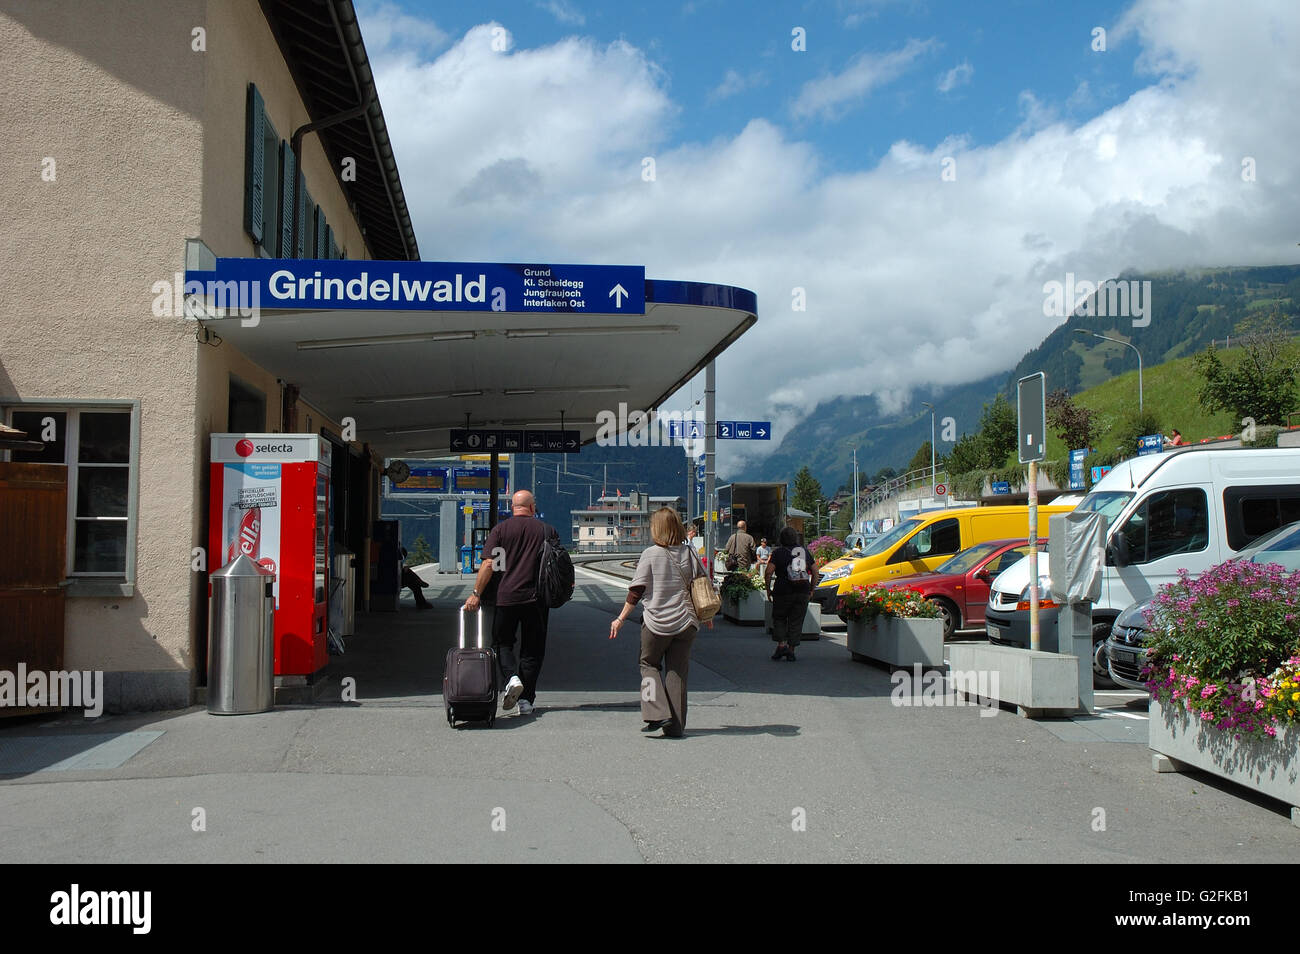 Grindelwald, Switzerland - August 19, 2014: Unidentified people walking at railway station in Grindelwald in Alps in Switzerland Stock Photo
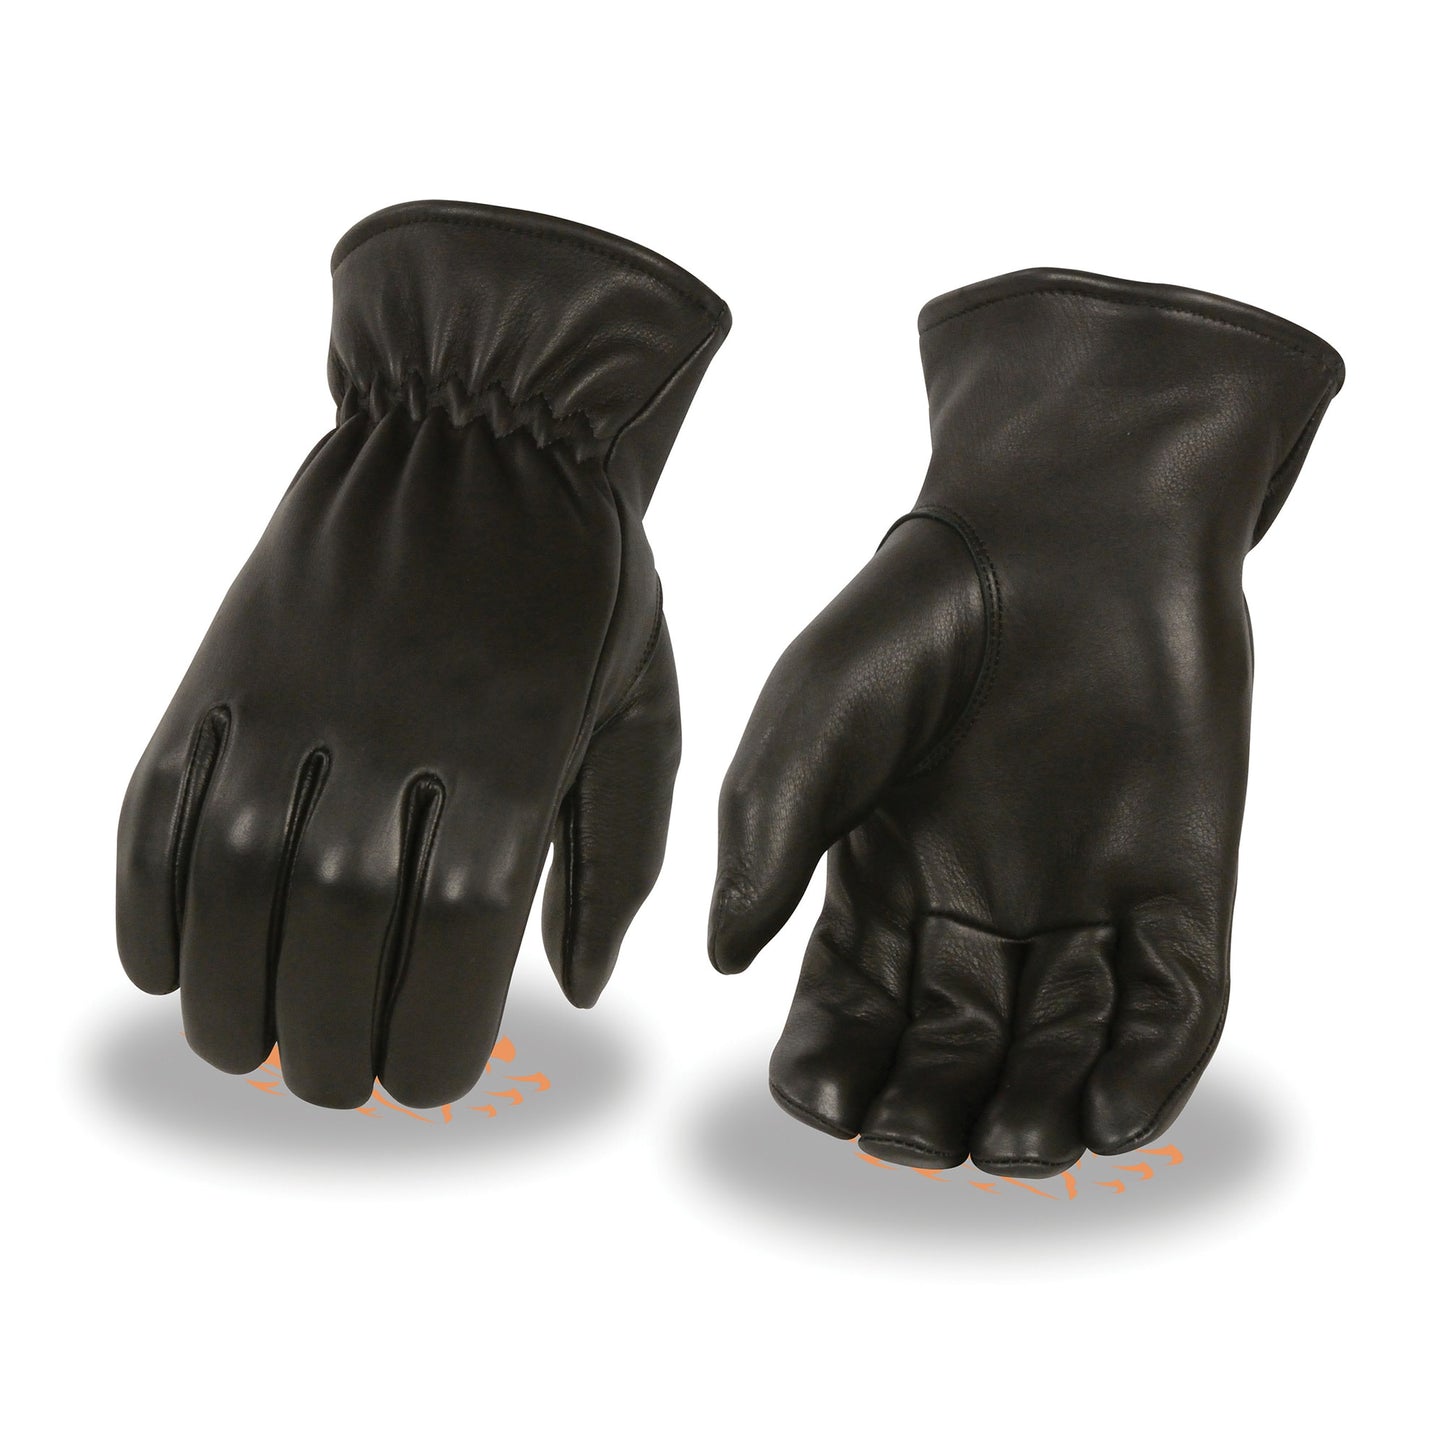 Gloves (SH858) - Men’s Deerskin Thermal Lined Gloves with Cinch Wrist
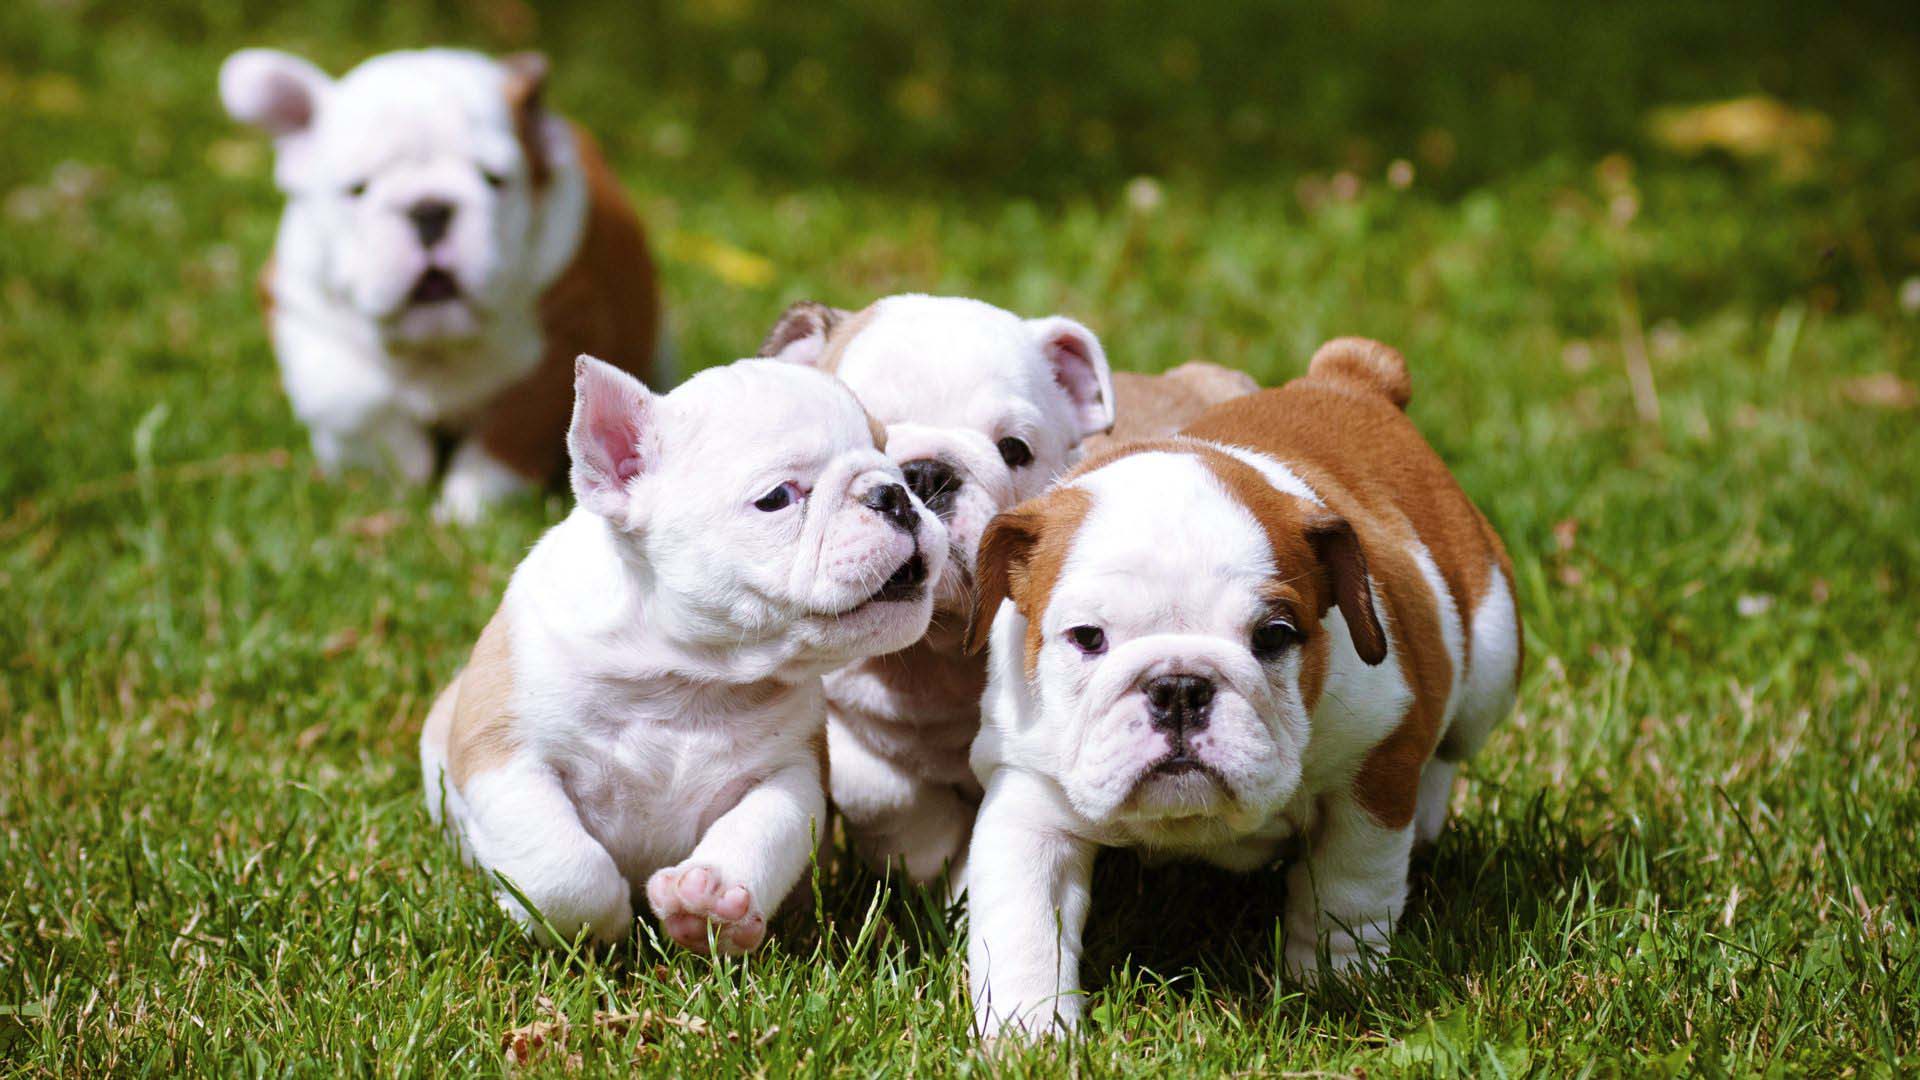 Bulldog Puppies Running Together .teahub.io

**AIM OF THE EXERCISE**.
Reproduce the data word for word; no pictures.

**WRITTEN RESPONSE**.
 Grindelwald, Switzerland - August 19, 2014: Unidentified people walking at railway station in Grindelwald in Alps in Switzerland Stock Photo
 Gloves (SH858) - Men’s Deerskin Thermal Lined Gloves with Cinch Wrist
 Bulldog Puppies Running Together .teahub.io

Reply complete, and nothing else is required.